If you consent to us Processing your Personal Data, please note that you may withdraw this consent at any time. In order to withdraw the consent, please contact privacy@nusr-et.com.tr . Please note that your consent can only be withdrawn for future Processing activities and such a withdrawal does not have any influence on the lawfulness of past Processing activities. In some cases, we may be entitled in spite of your withdrawal to continue to Process your Personal Data on a different legal basis.
10. UPDATING THIS DATA PROTECTION NOTICE
We reserve the right to update this Data Protection Notice at any time. We will let you know about the changes by publishing the updated version of the Data Protection Notice on www.nusr-et.com.tr . We are committed to protecting and respecting your privacy and will continue to do so in any future changes we make to this Data Protection Notice.
11. HOW TO GET IN TOUCH WITH US AND HOW CAN YOU EXERCISE YOUR LEGAL RIGHTS?

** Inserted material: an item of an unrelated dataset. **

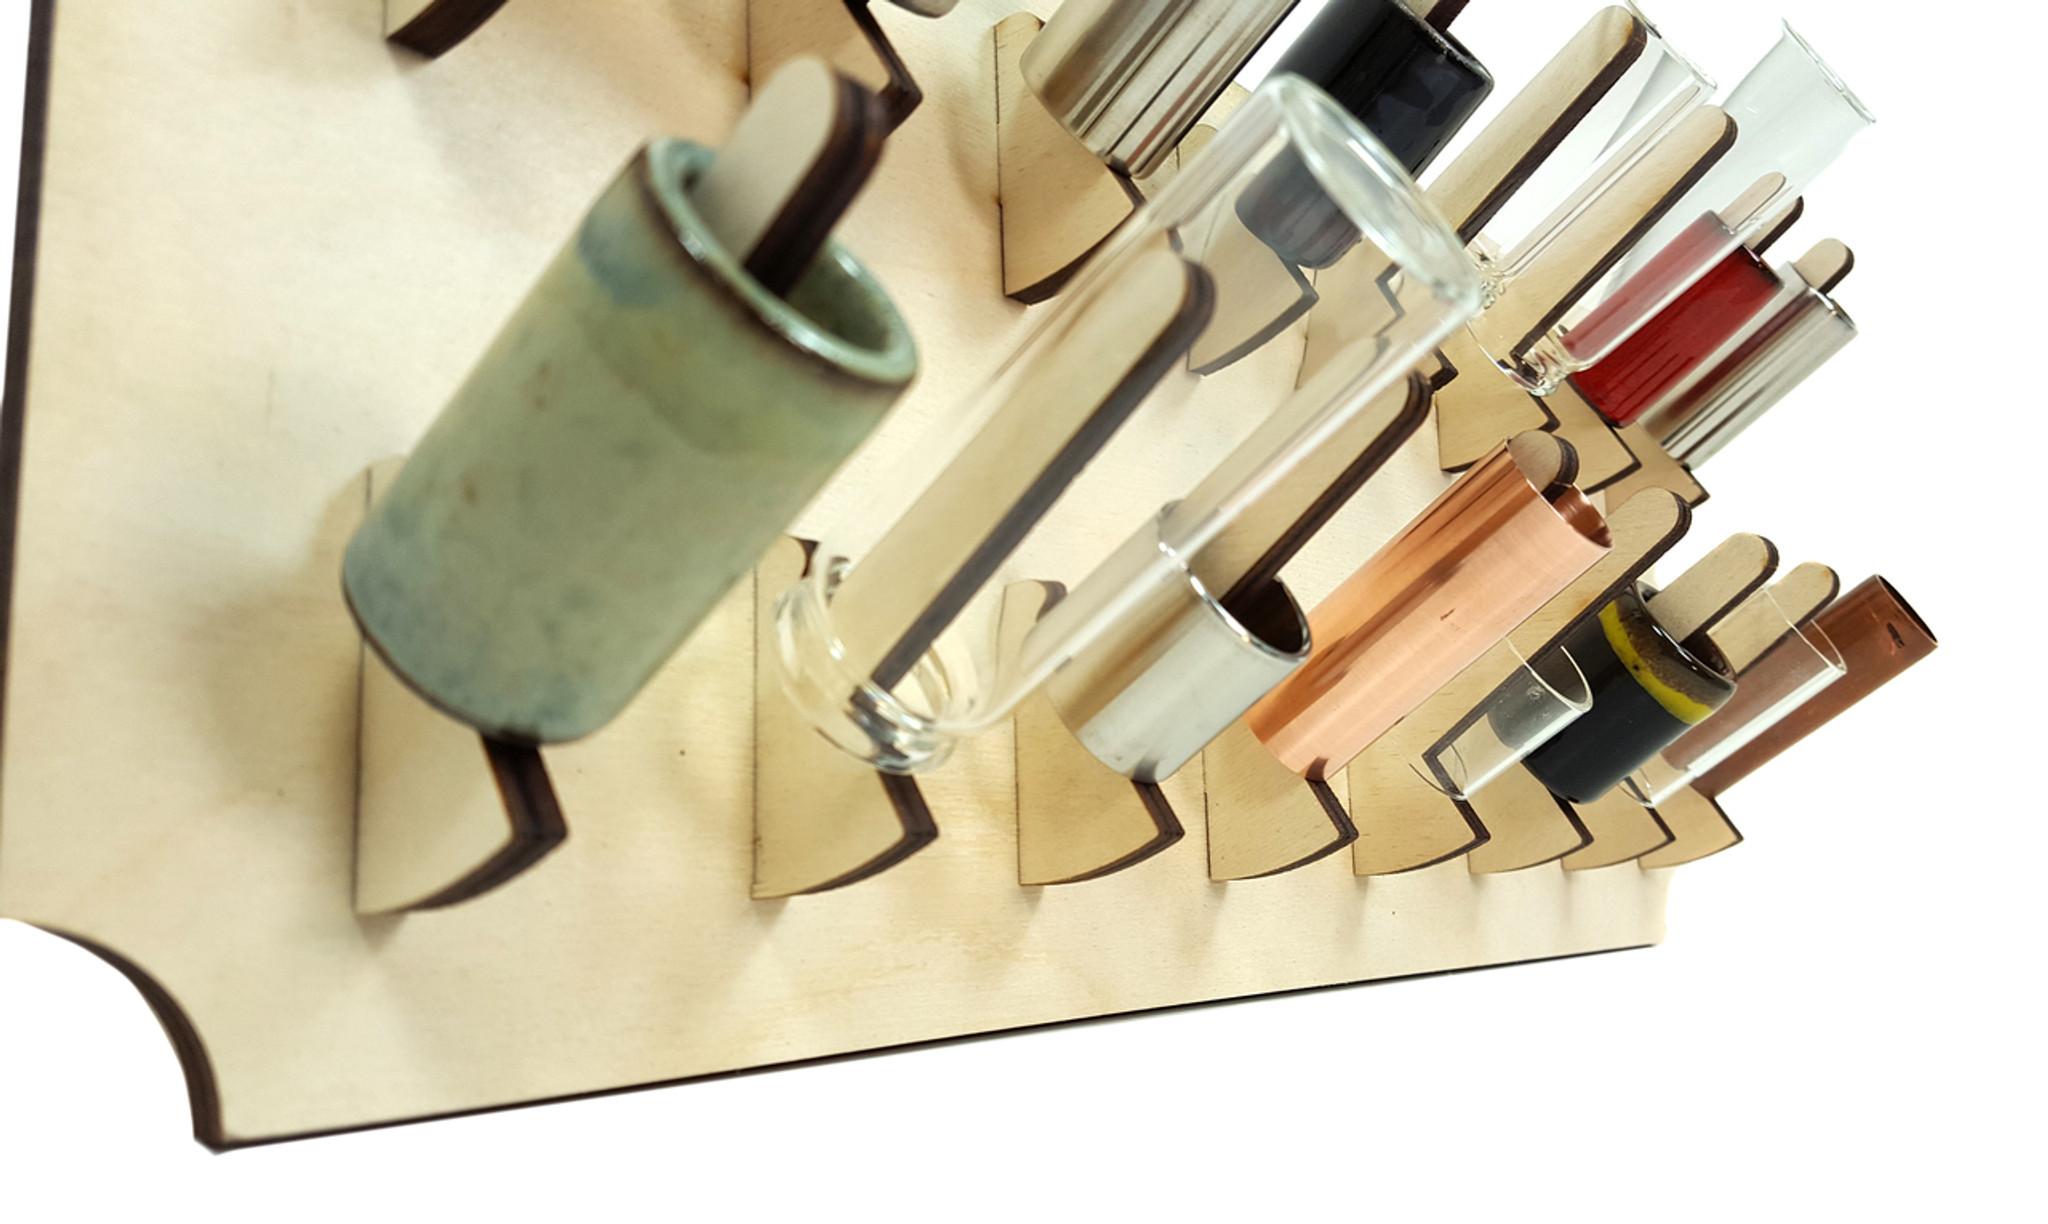 Wall-mount Guitar Slide Display Rack Kit - Easy to Assemble ...

If you have any questions about our Data Protection Notice , or if you would like to make a complaint about a possible breach of Personal Data or to exercise one of your data protection rights, please contact us as described below.
Contact us;
Company E-mail address: privacy@nusr-et.com.tr
If you have any concerns about how we Process your Personal Data, please feel free to contact our data protection officer, who will investigate the matter and come back to you, by sending an email to privacy@nusr-et.com.tr.
If you are still not satisfied after our response or believe we are not using your personal information in line with the law, you also have the right to complain to the data-protection regulator in the country where you live or work.